We then went through the same 3-stage process for the ‘Verity’ statue. People were now more sure of the process. I also felt happier to contribute my thoughts – when I could get a word in with the increasing enthusiasm in the room! In some ways, it was also easier responding to Verity. Nowhereisland had been a big, complex project involving lots of people and activities. Verity, on the other hand, is just a single statue.

I still had a lot of questions about the process….and it was clear at the question and answer session that others did too. My big questions were about the group dynamics that might be involved. We were a group with a common interest, and all of us, to some degree, confident in expressing our opinion. We also had some shared knowledge and understandings due to the focus of people’s work. The approachhad also been used very effectively, we heard, with school children…..but again, this suggests a common level of understanding and trust. Someone else raised a similar question, and we were given examples of where the method had been used effectively with vulnerable groups, and also with mixed, self-selecting groups in Ilfracombe. The researchers explained how the approach was designed to be non-intimidating – for example, the arrangement of the chairs, so that people felt less ‘in the spotlight’, and the emphasis on the total freedom to contribute one’s own thoughts/recollections, rather than having to respond to something that someone else had said.

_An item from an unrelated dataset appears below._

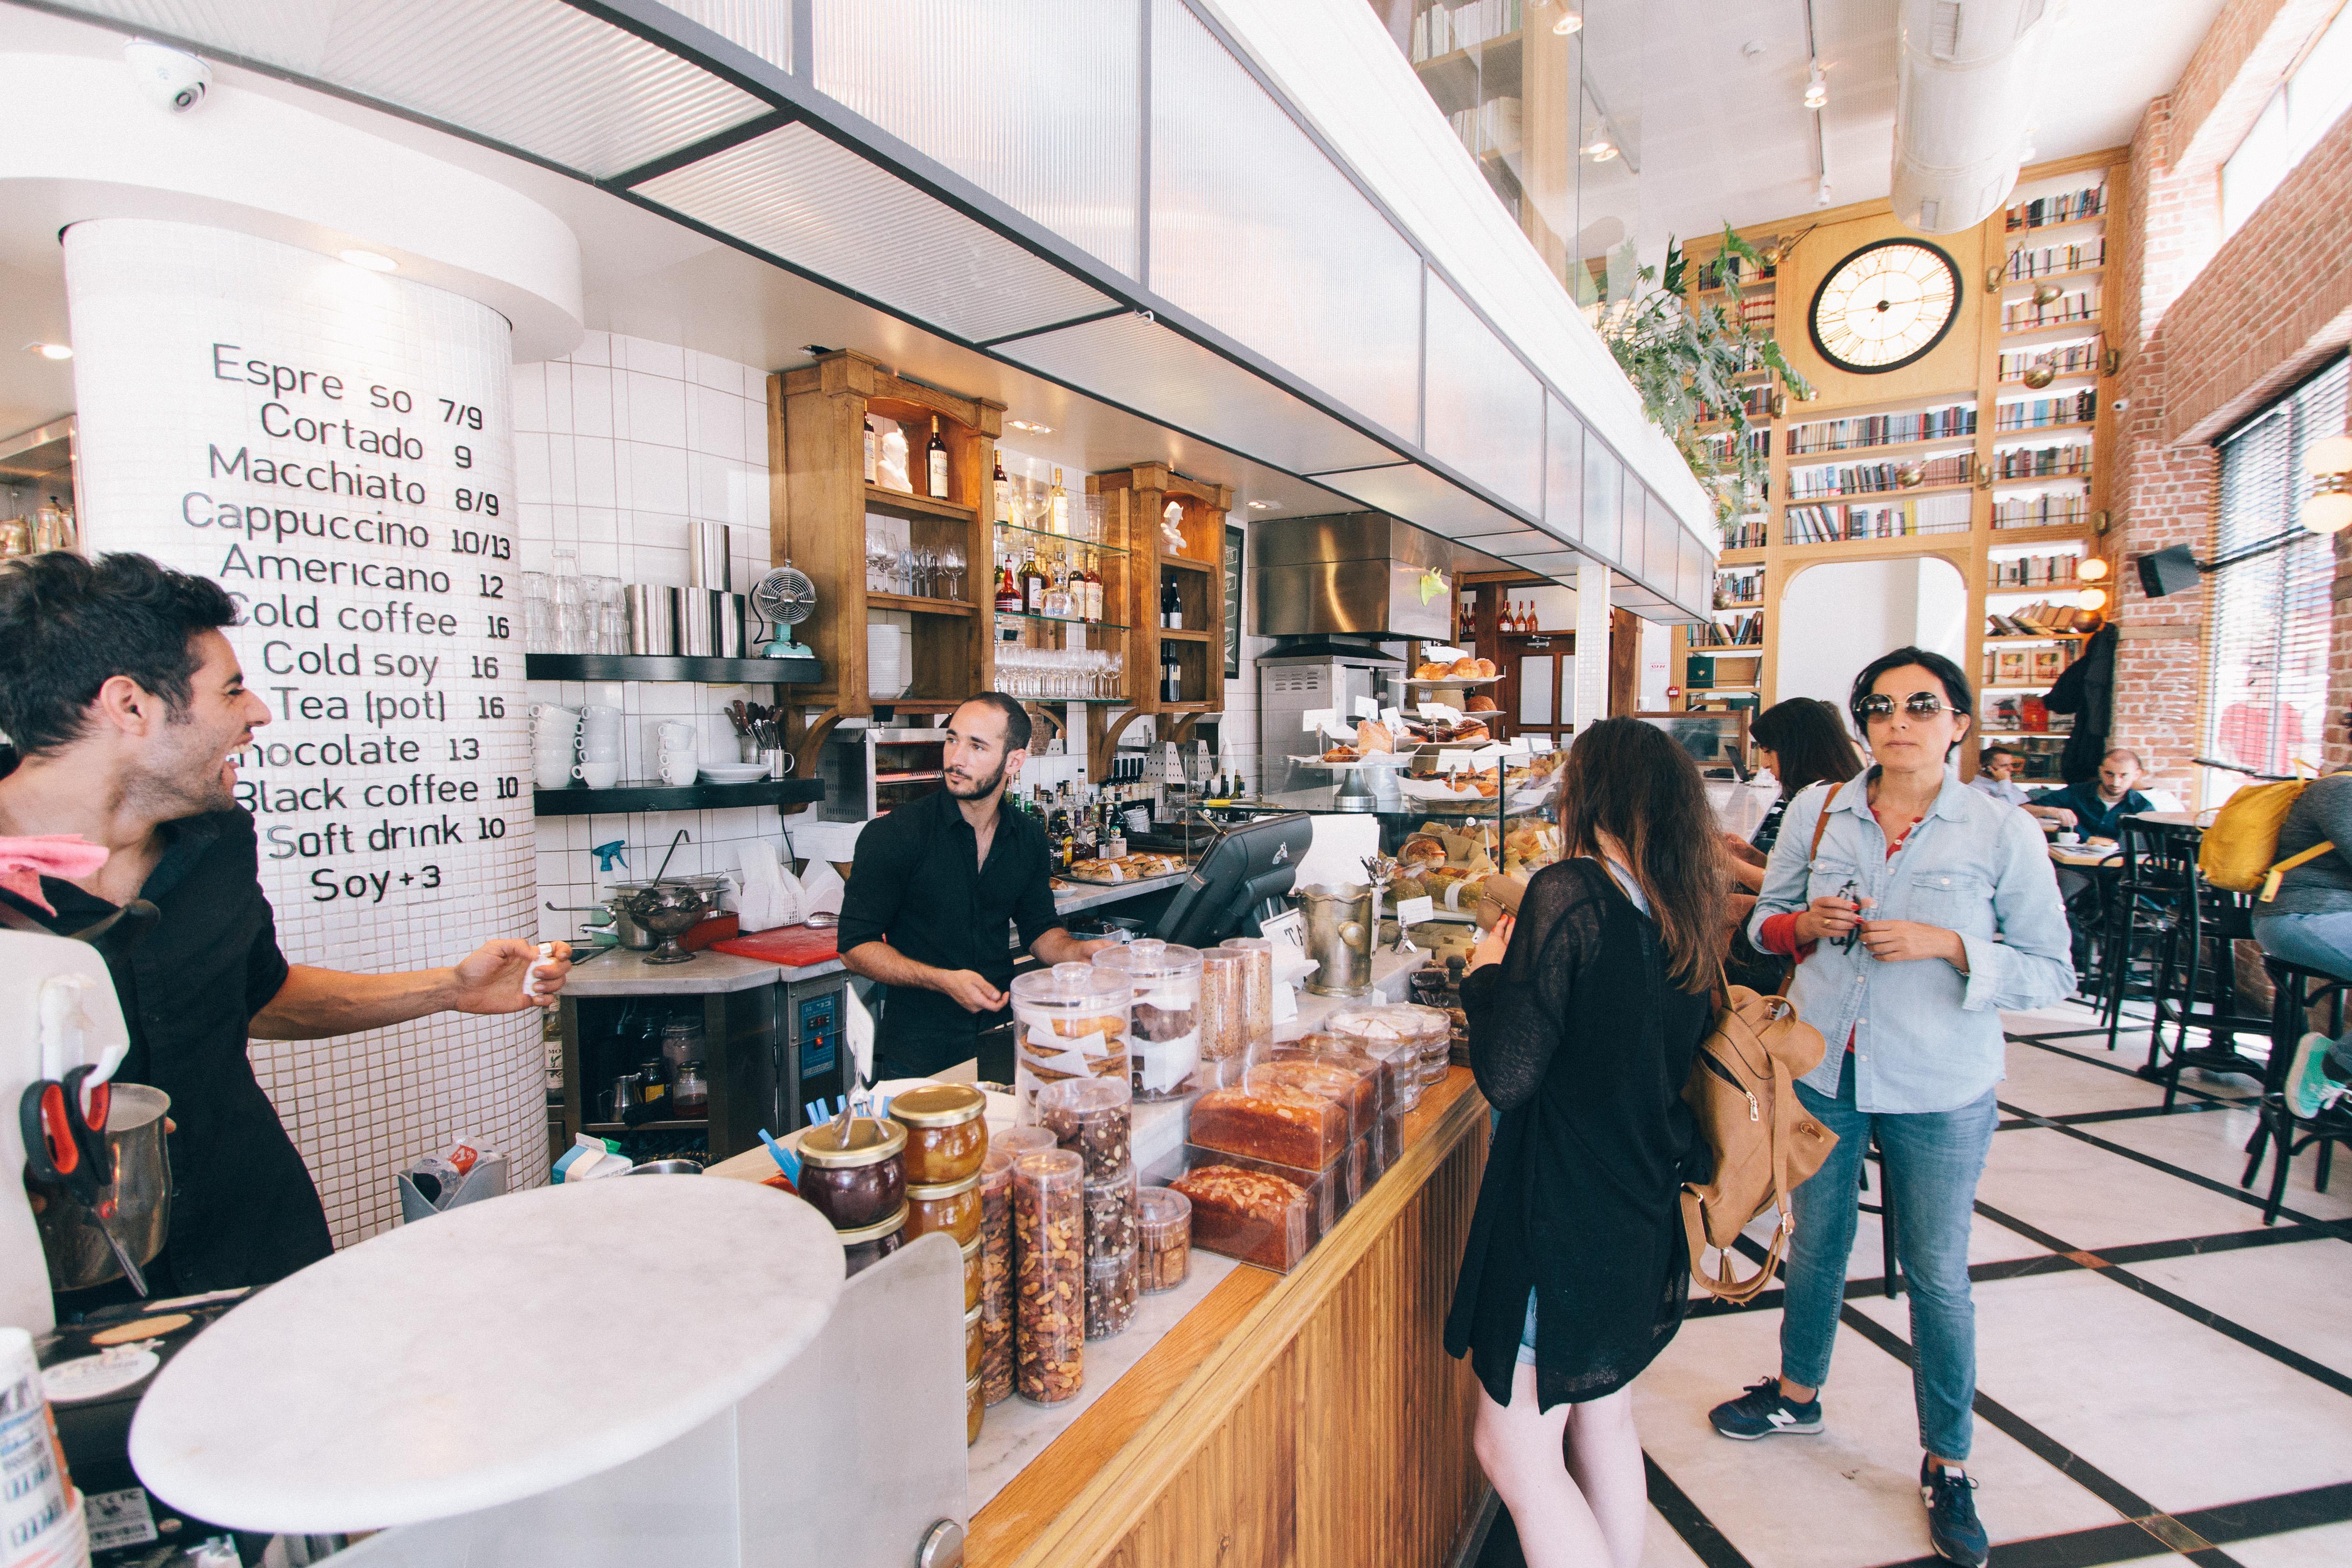 Los precios de los bares y restaurantes siguen su tendencia alcista - La Viña

One of the strengths of the project was that it also used a more traditional focus group for people to collectively respond to the art, and to reflect on it. And this is where the approach become increasingly convincing. We all know that a small number of voices can often dominate focus group discussions; that it can take a great deal of confidence to contribute, and the discussions can go off at total tangents. This approach, by contrast, invites short, but deep reflections – and doesn’t require the usual rules of discussion, whereby one point tends to follow on directly from another. Randomness in the matrix would seem to be quite a positive thing!

On returning to the afternoon session, which focused more on the analysis of the data, we heard that analysis of the matrix data and the focus group data had revealed further advantages of the former over the latter. The team found that in the focus groups, people tended to be rather literal, and instrumental in their responses (for example commenting on the ways in which Verity had been good for the regeneration of Ilfracombe), rather than the more imaginative responses in the matrix, which tended to reveal the aesthetic and emotional impact of the work.

As the researchers talked more about the process of analysis of the data, the rigour of the approach was also emphasized. As in grounded theory, the process was rooted in a hermeneutic cycle, in which the research team constantly returned to the original data, to ensure that the findings were grounded in this. Several weeks into the analysis, an external person had been invited to respond to the emerging findings as a way of cross-checking them. Further cross-checking occured with reference to a research panel, and the findings were taken back to participants. The researcher’s own reflexive stance was also explicitly acknowledged. I would suggest that all of this is good practice generally in terms of qualitative research, but nevertheless important to highlight.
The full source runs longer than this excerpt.